▶ About this task
Retype each line below precisely and omit all images.

▶ Collected data
※

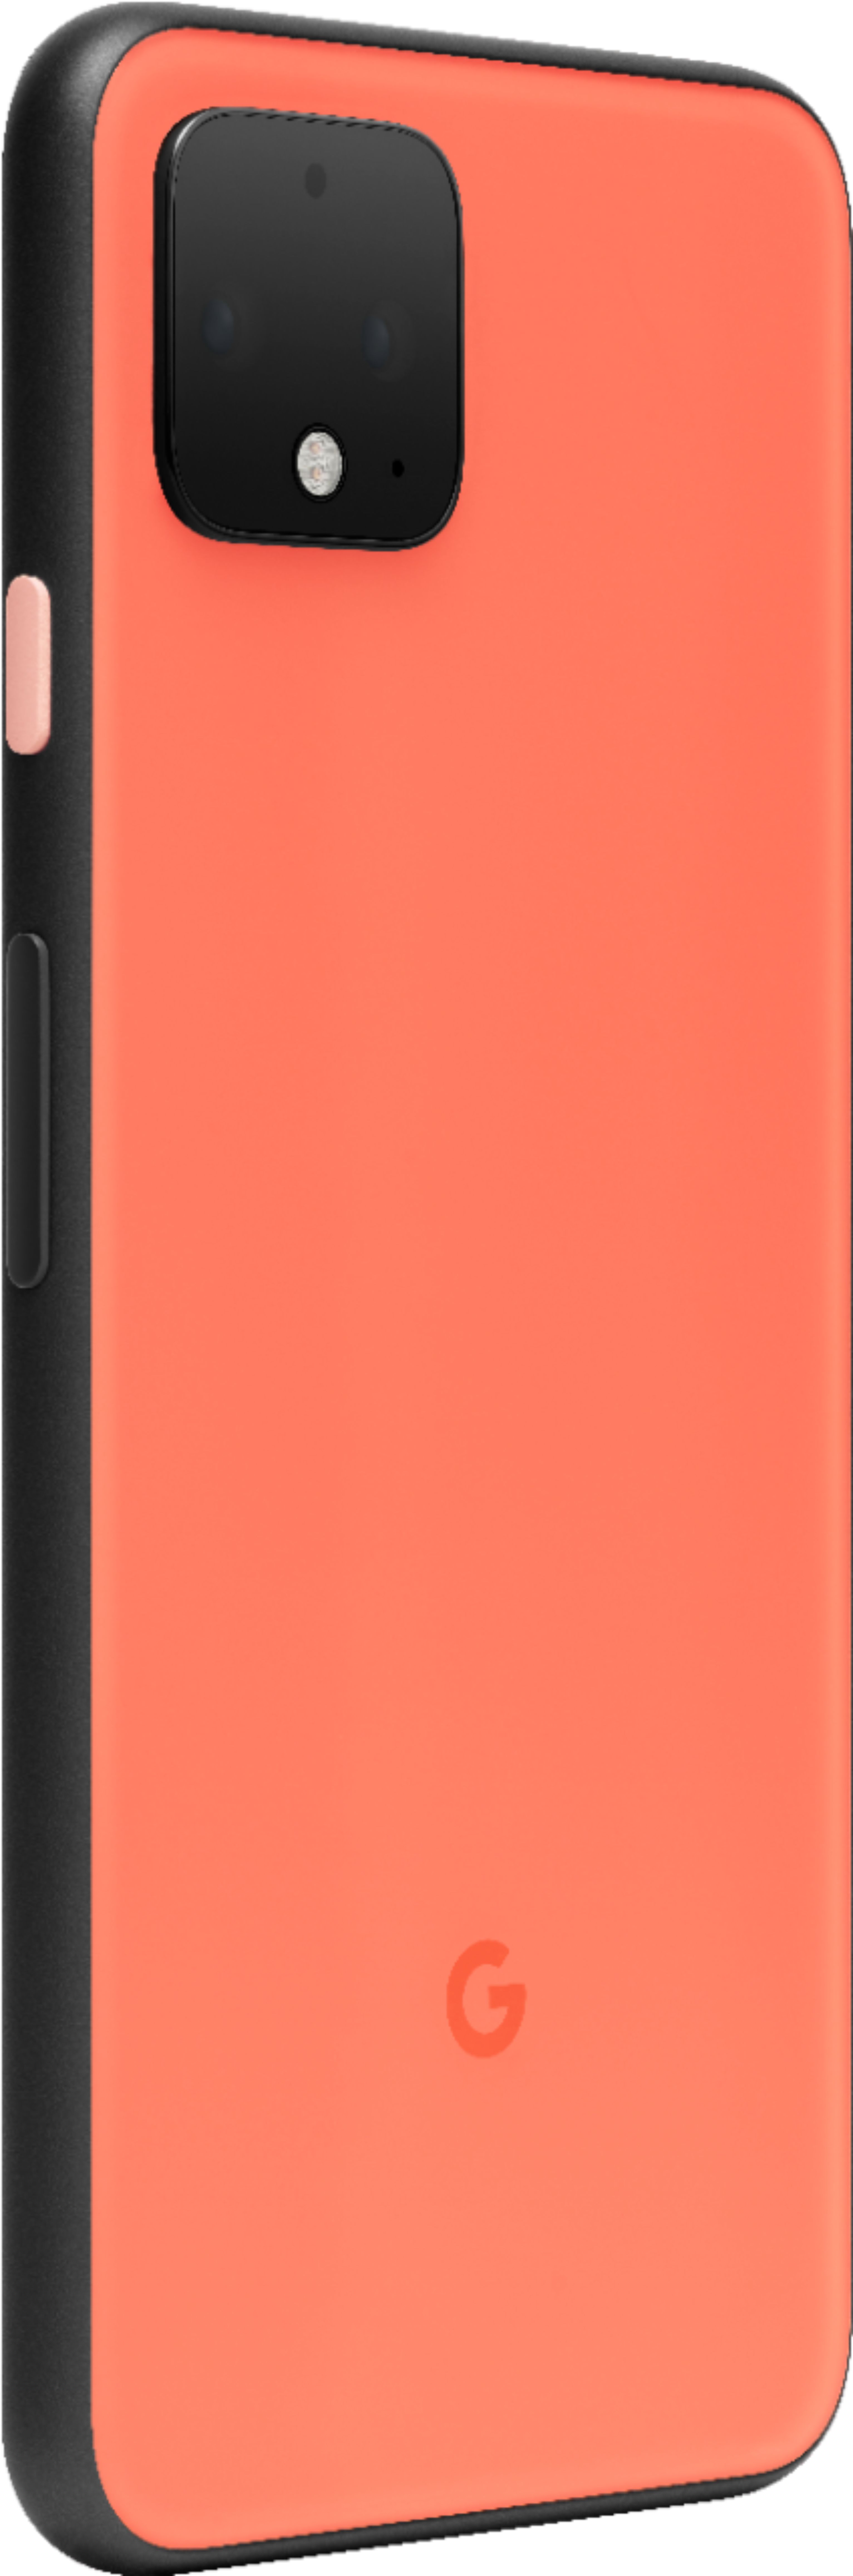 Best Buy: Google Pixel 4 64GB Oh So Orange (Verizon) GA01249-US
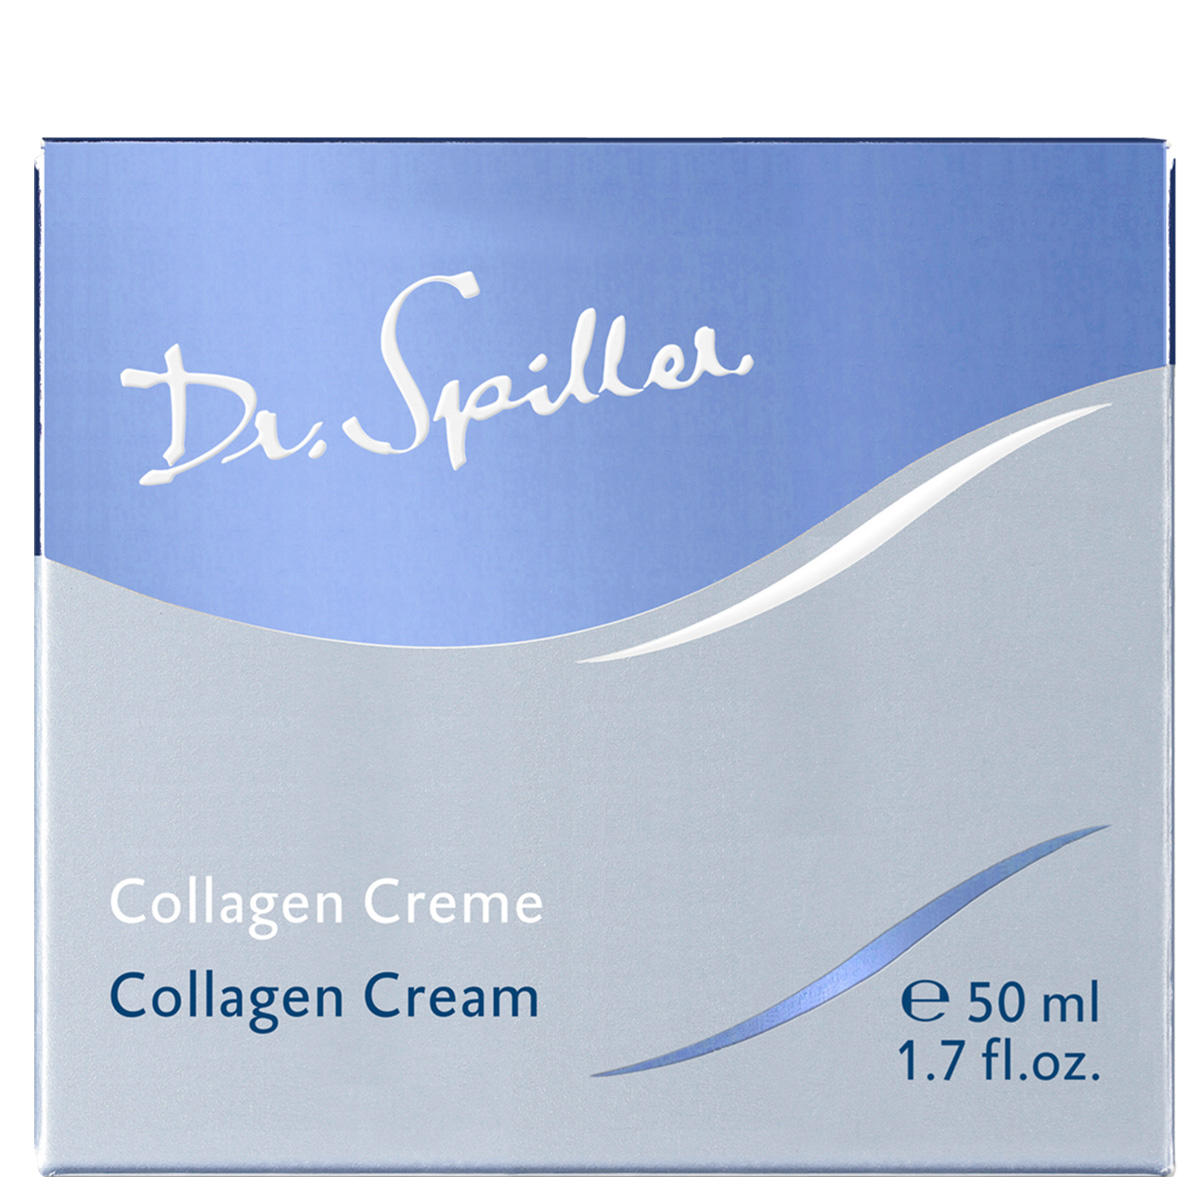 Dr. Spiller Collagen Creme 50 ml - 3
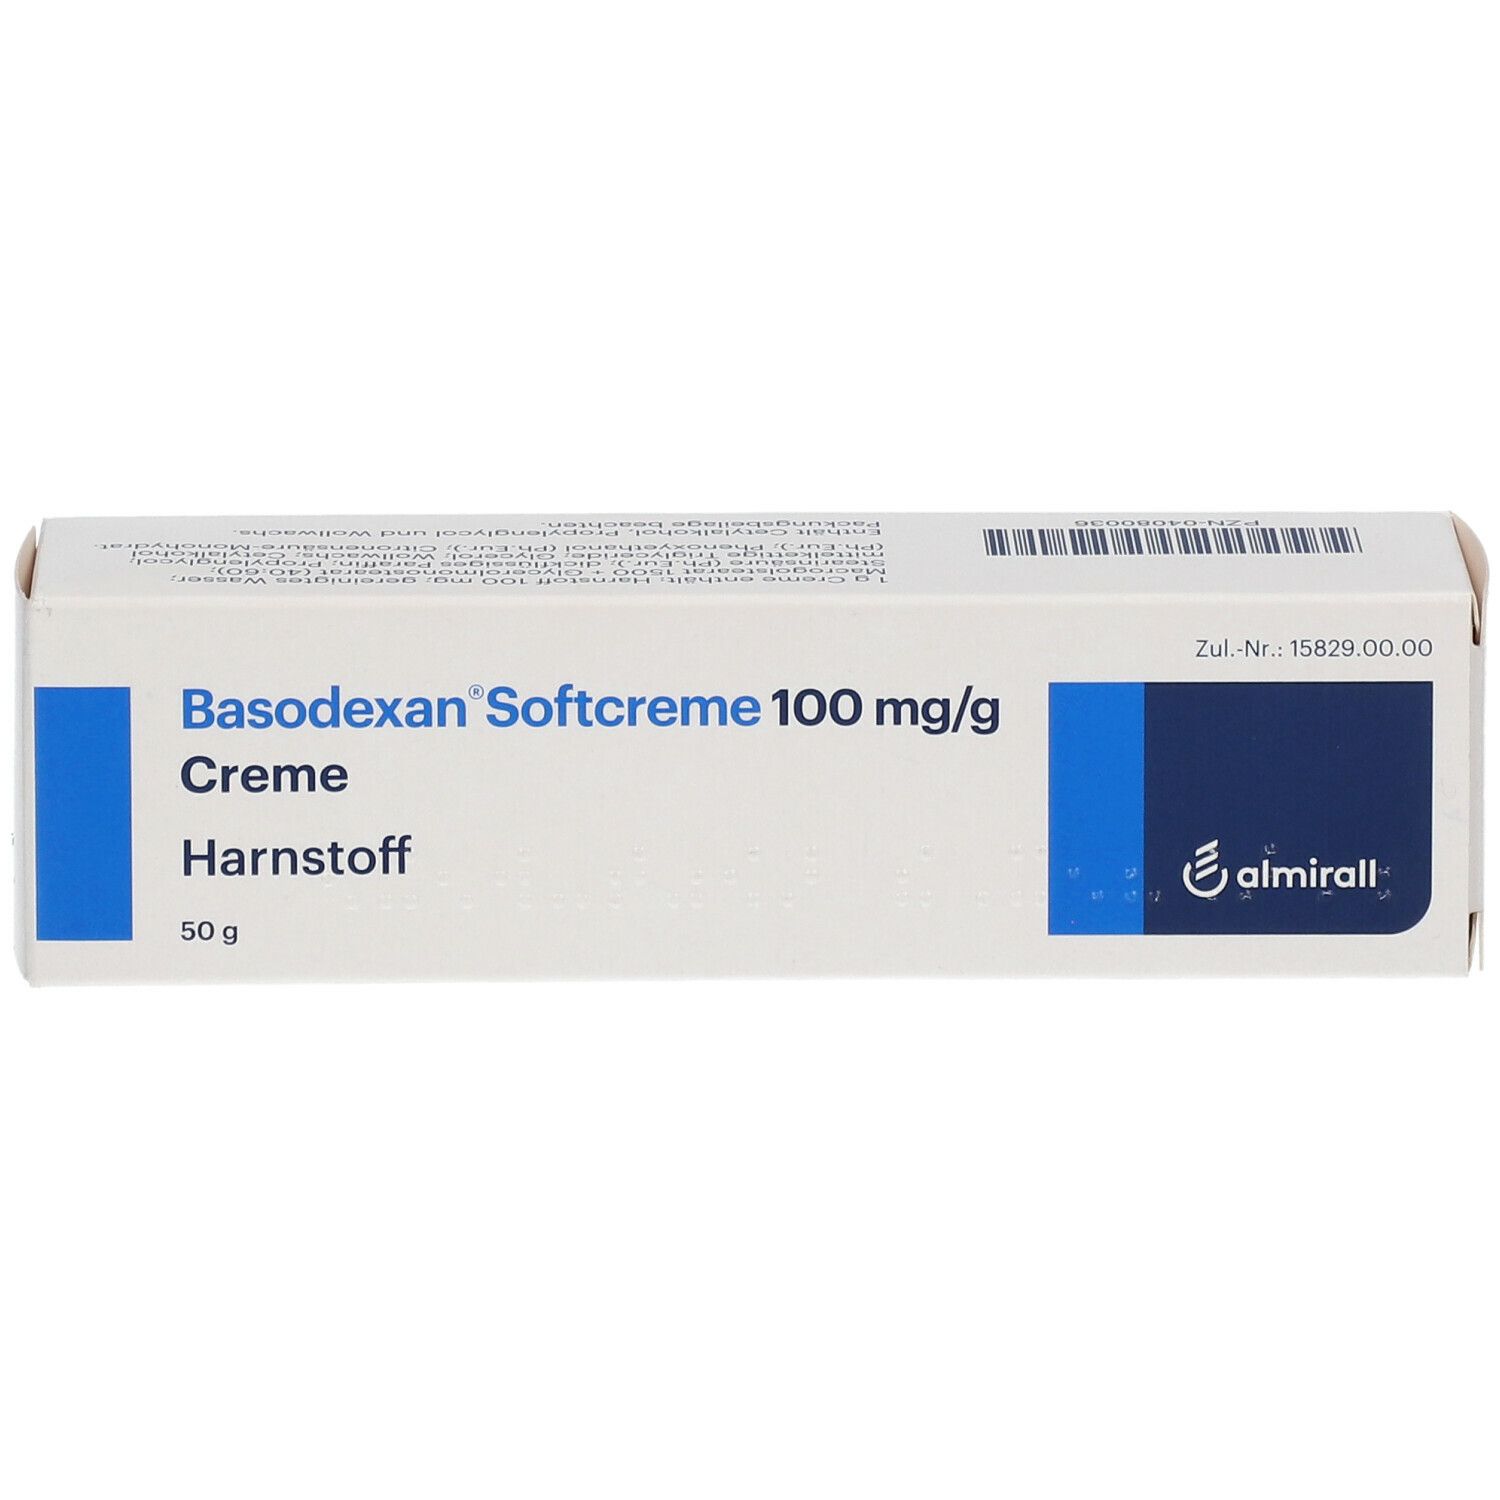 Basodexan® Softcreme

※

▶ Answer
 Best Buy: Google Pixel 4 64GB Oh So Orange (Verizon) GA01249-US
 Dr. Spiller Collagen Creme 50 ml - 3
 Basodexan® Softcreme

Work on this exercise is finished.